On further calls, we want the decoder to continue with the most recent prediction. Therefore, it is logical to re-pass previous predictions.
That said, in NLP a technique called “teacher forcing” is commonly used to speed up training. Using teacher coercion, instead of predicting, the decoder delivers the actual ground truth of what it should have predicted.

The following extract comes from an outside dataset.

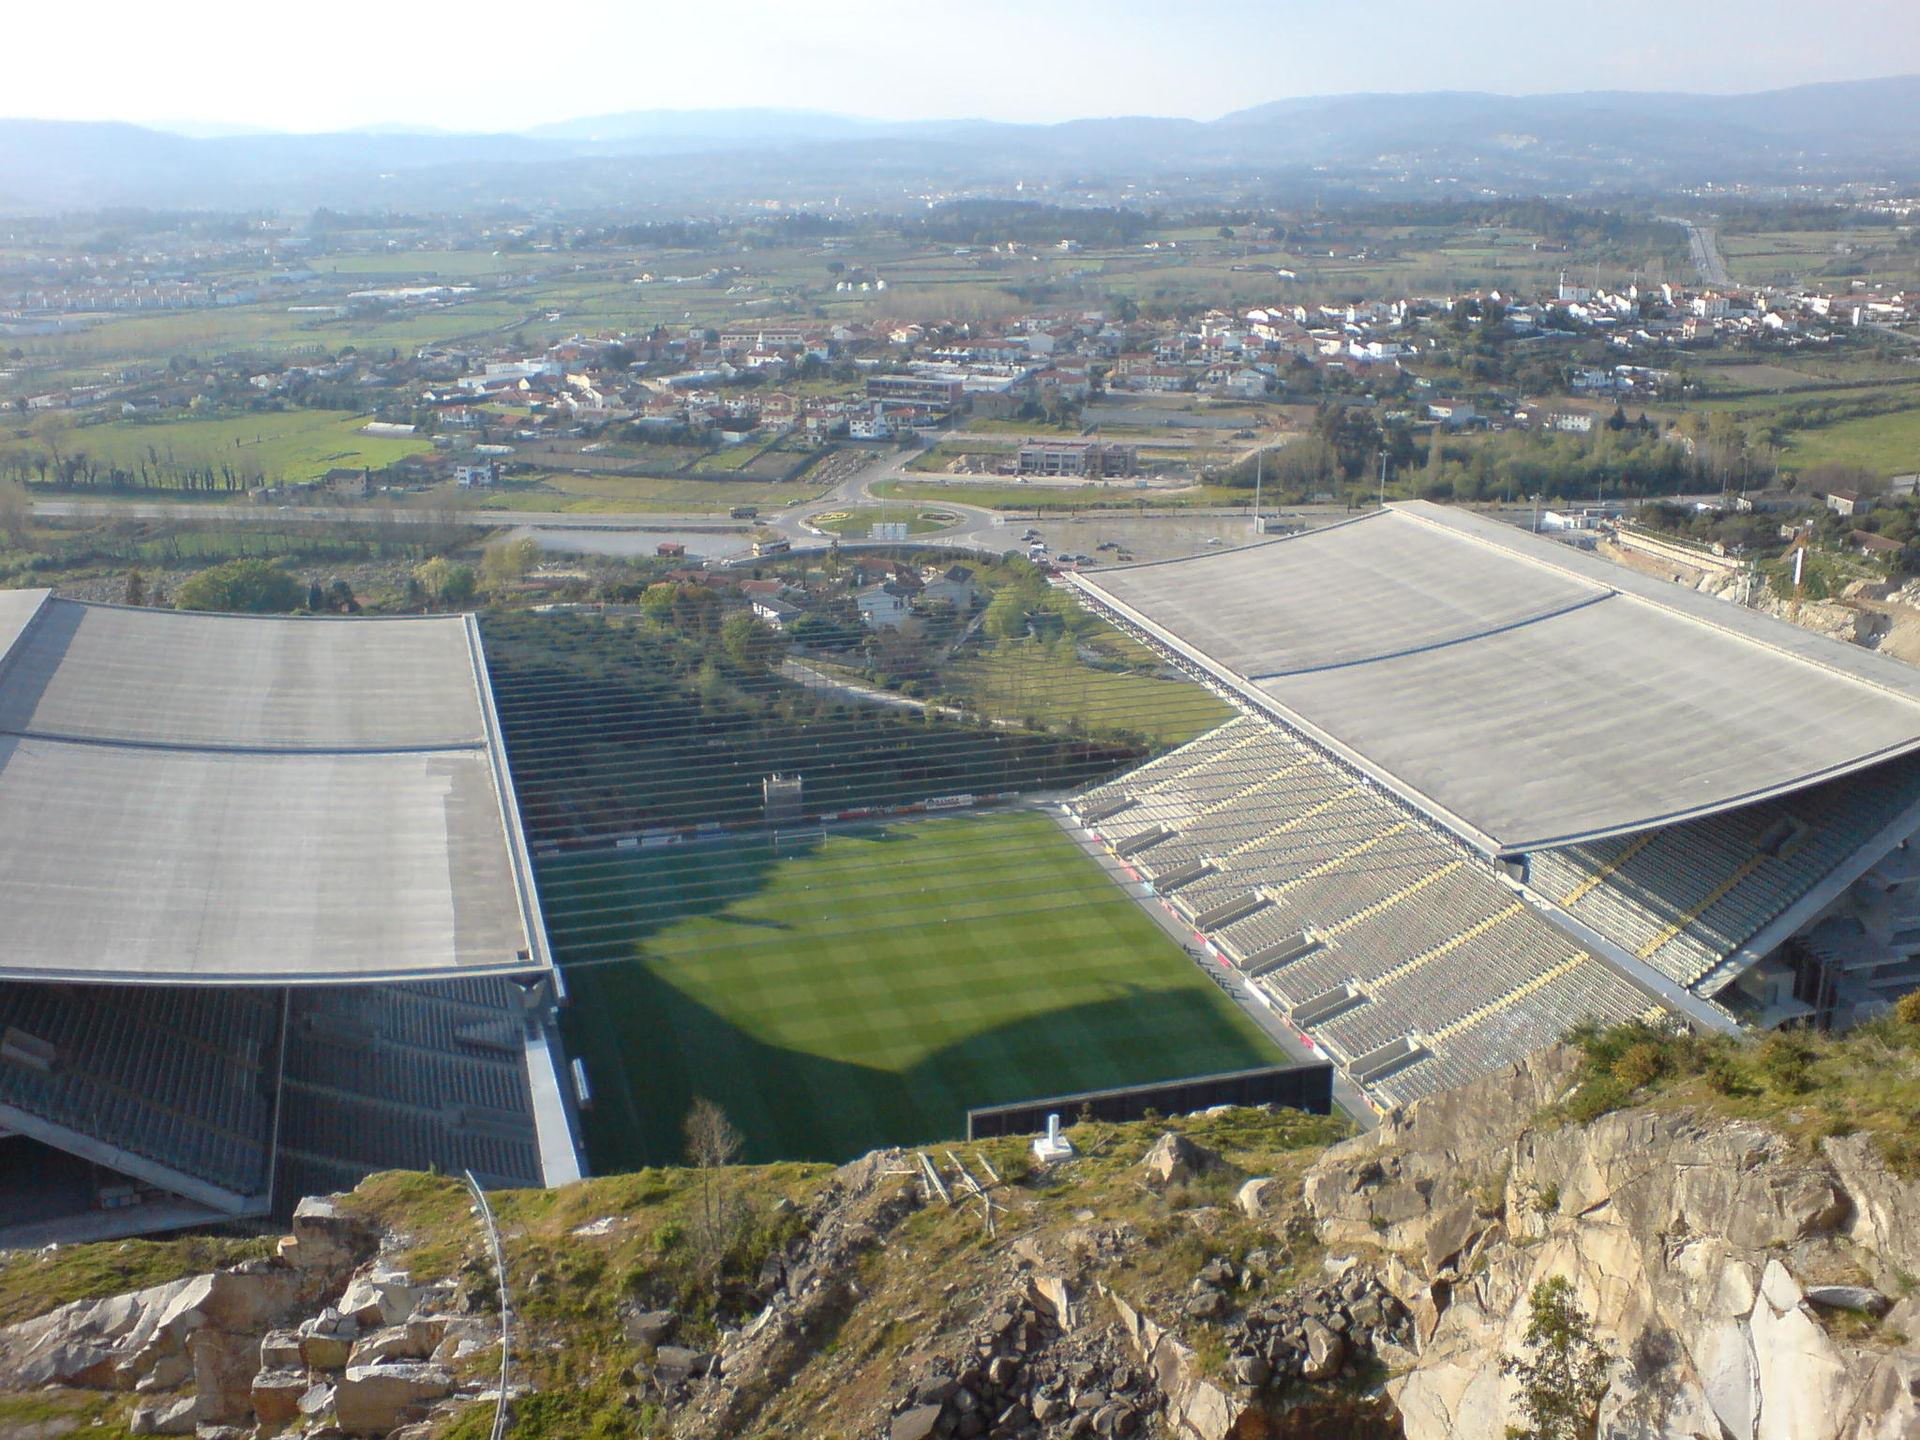 Eduardo Souto de Moura - Braga Stadium 02 (6010593292).jpg

We only do that in some configurable cases, and of course only during training. The rationale for this technique is that without this form of recalibration, cascading prediction errors can quickly erase the remaining signal.

state, it is also multivalent. But there are only two possibilities: encoder state and decoder state.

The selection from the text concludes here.